I will probably do a post on this issue soon.
It surprises me that the academic world won’t deal with the role of us having ideological systems in common, the role it plays in uniting its members and thus expanding the small, hunting-gathering sized groups that millions of years of evolution shaped us to life in. We do not defy our brain-stem repitoire of social instincts. They provided all of our motive and our primate communicative system of gestures, facial expression, and sensititivty to the will of the group (or herd action or swarming in other animal groups). We redirect them successfully to the larger group by in common sharing the same belief system.To list the social instincts is easy from studying the available wealth of primate behavioral studies—especially of the chimp.
Ancient Sapien’s hunting/gathering groups functioned successfully, but when we developed speech, we could evolve ideological systems that enabled us to think in common and in much larger troops, even later on in villages, towns, cities and finally kingdoms and nations.

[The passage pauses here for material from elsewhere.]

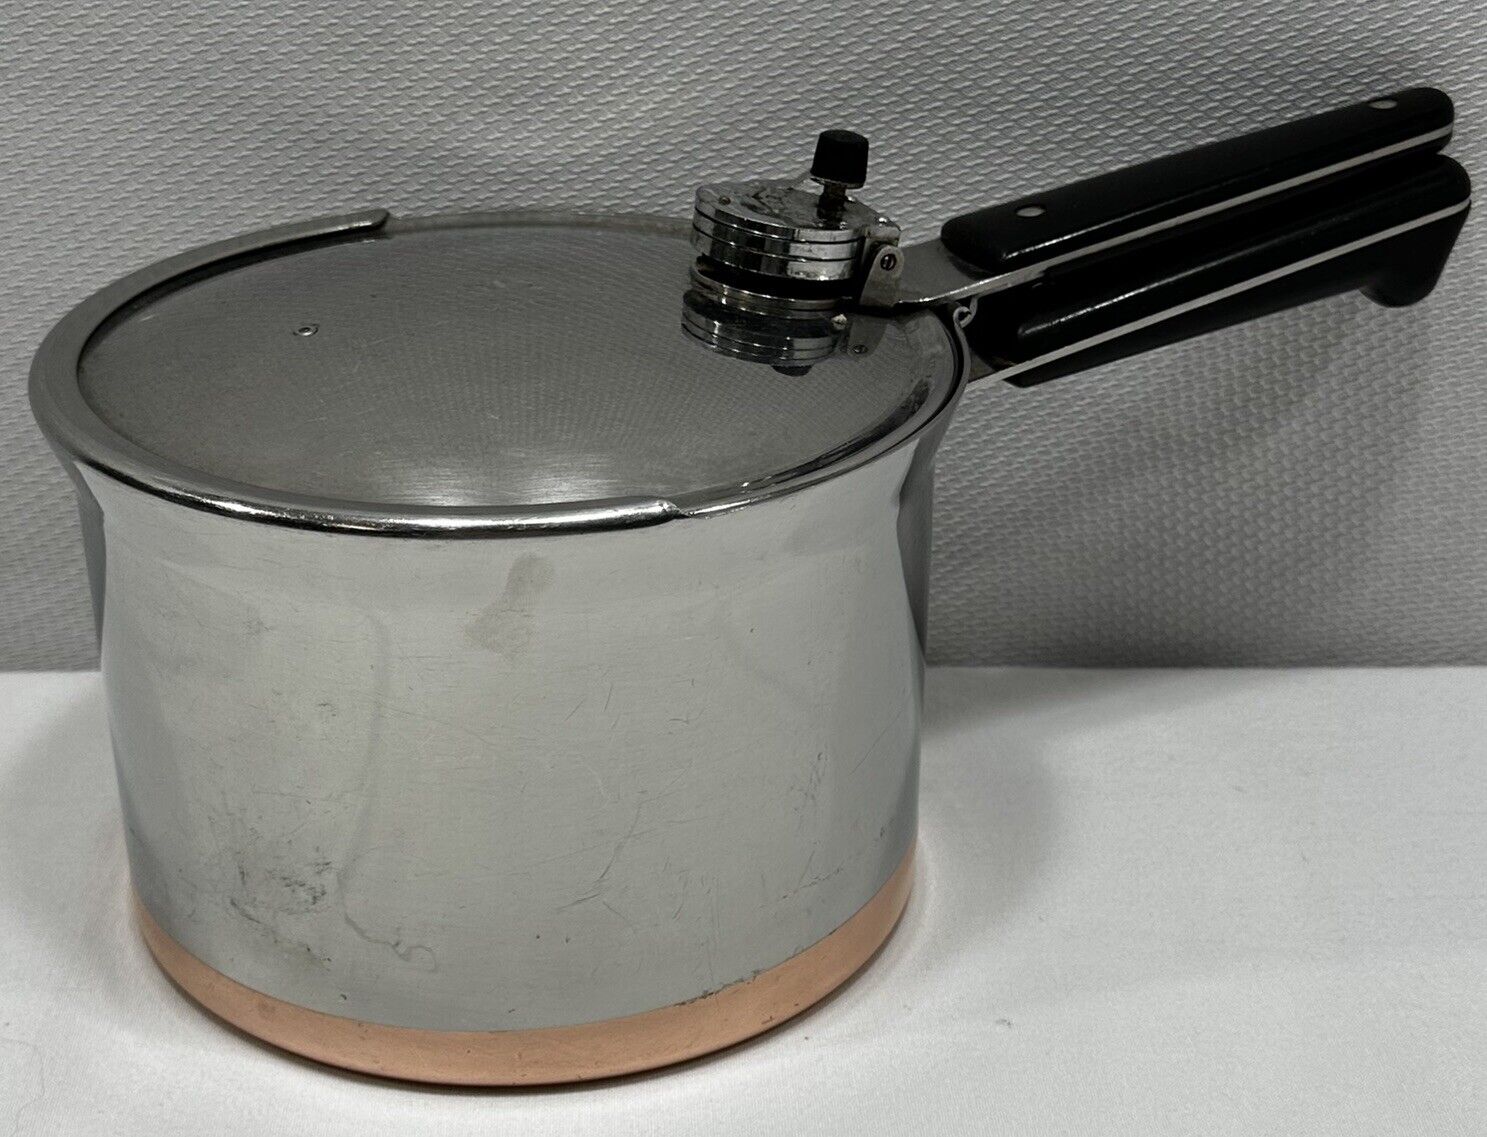 Vintage Revere Ware Copper Clad Stainless 4 Qt Pressure Cooker Read Description

The explanation has nothing to do with kinship! Even “altruism” is a phoney explanation. Part of our small-group nature is for the members to seek status and for the alphas to protect the group, control the male juveniles and keep order.
Re: “It surprises me that the academic world won’t deal with the role of us having ideological systems in common, the role it plays in uniting its members”
There are some treatments of that topic out there. Some are even within academia. E.g. search for “cultural kinship” and “kith selection”.
Re: “The explanation has nothing to do with kinship!”
Well, you should consider the possibility that your perspective is guiding you away from the material you are looking for. Shared ideologies may have little to do with blood relatives – but it has a *lot* to do with memetic relatedness. Memes have kin too!